MANATEE COUNTY, Fla. (WFLA) – For the third time in just one week, Florida has broken its record for new, daily COVID-19 cases.
On Friday, the state reported nearly 24,000 cases to the CDC. That’s 20% of the nation’s total for that day. Florida still accounts for one in five new cases around the country.
It also marks seventeen days in a row Florida has seen more than 10,000 new cases, and as students return to the classroom this week the dominant delta variant has some parents worried about the safety of their kids.
What to do about masks in schools has been left up in the air the past few weeks as the debate over kids wearing masks played out on the political stage, but with school starting Tuesday, the time is now for school leaders to make a decision.
While Hillsborough County is one of the first districts to finalize their mask and COVID plan for the school year, Manatee County met on Monday to discuss the matter. The district sent out surveys to parents a few weeks ago.
The results are in, and school leaders say that the recommendations from the CDC and health department will help shape their decision. For a while now, parents were left without a clue on what to do on day one.
“It’s very important I don’t want him to get sick, people are passing away from, so that’s a very big concern. There’s no age limit on this illness and who it takes out,” said Jasmine Nunez, a parent in Manatee County.
No change was made in Monday’s special meeting; schools in Manatee will open to students Tuesday with an optional mask policy. School board members are scheduled to meet again on Wednesday.
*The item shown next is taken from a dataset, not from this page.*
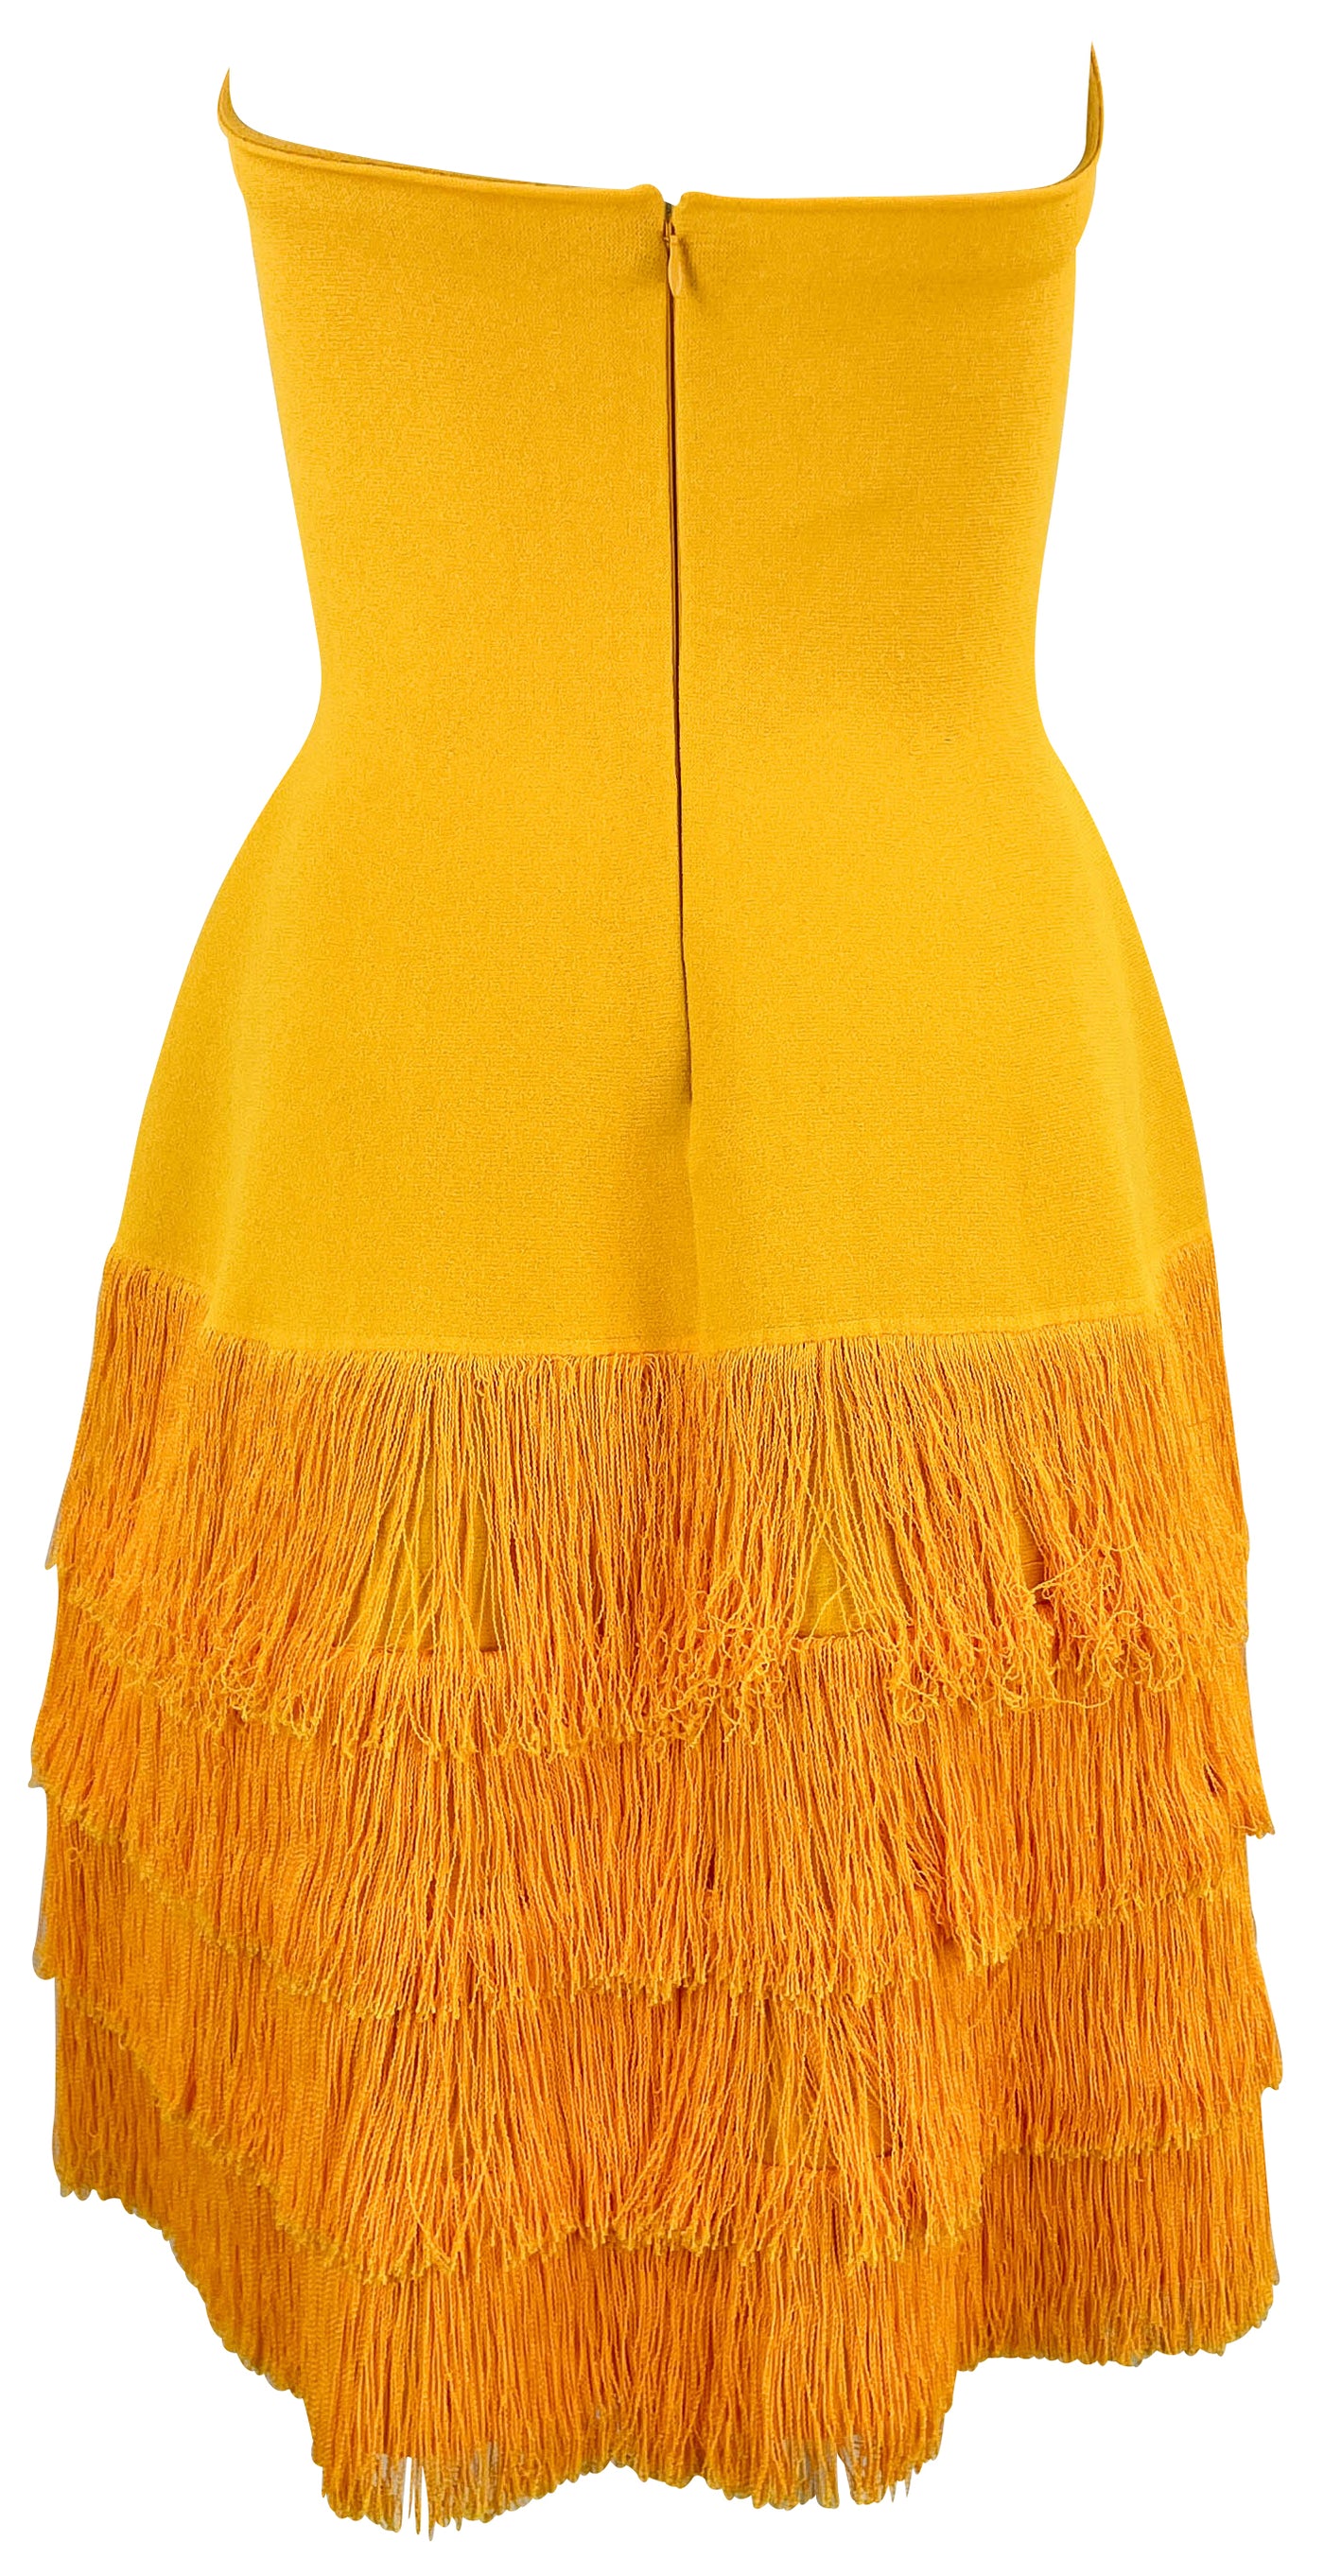 Proenza Schouler Sculpted Stretch Fringe Mini Dress in Golden Yellow - Discounts on Proenza Schouler at UAL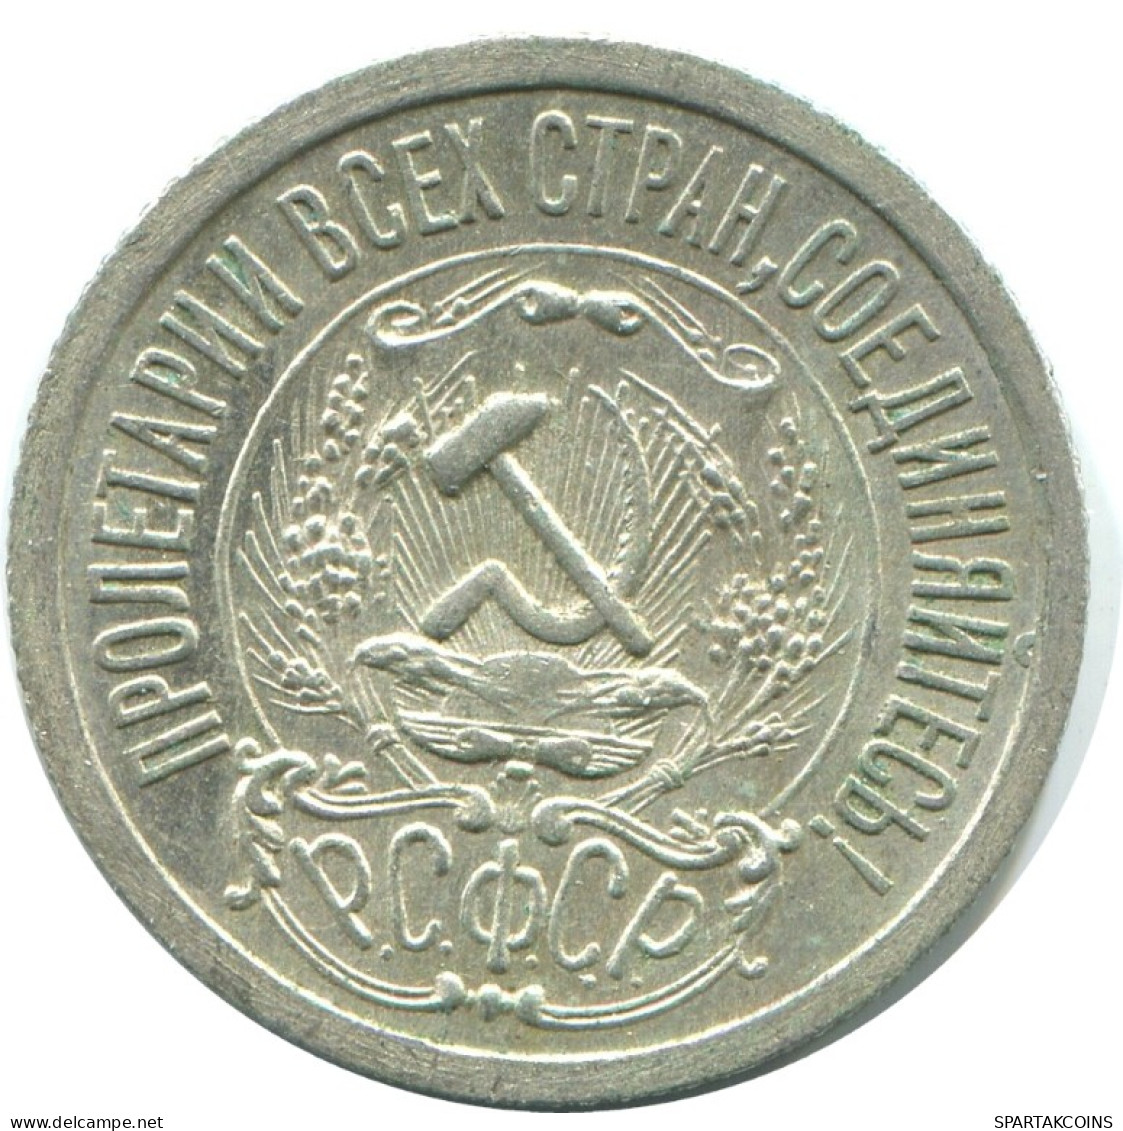 15 KOPEKS 1923 RUSSIA RSFSR SILVER Coin HIGH GRADE #AF059.4.U.A - Russie

“As parents, we should have the right to choose what is best for the health and well-being of our children — not the government, not the school board, nobody needs to tell me what is right for my children,” said mother of two Julia McLaughlin.
The topic of having kids wear masks again in the classroom became taboo as politicians fight over whether it was a right for freedom or right to save children’s lives.
Gov. Ron DeSantis passed an executive order stopping schools from passing mask mandates, some districts rebelled passing them anyway, and now other districts are trying to find loopholes or gray area. Many school leaders want to protect children but not lose funding from the state for doing so.
“We know that masks don’t solve the problem, but we know that masks work,” said a nurse and mother of two in Manatee County. “We know that they mitigate the spread, we know they reduce infection and to send our children back into an environment without that in place during a pandemic is really unconscionable to me,” continued Haley Rehm.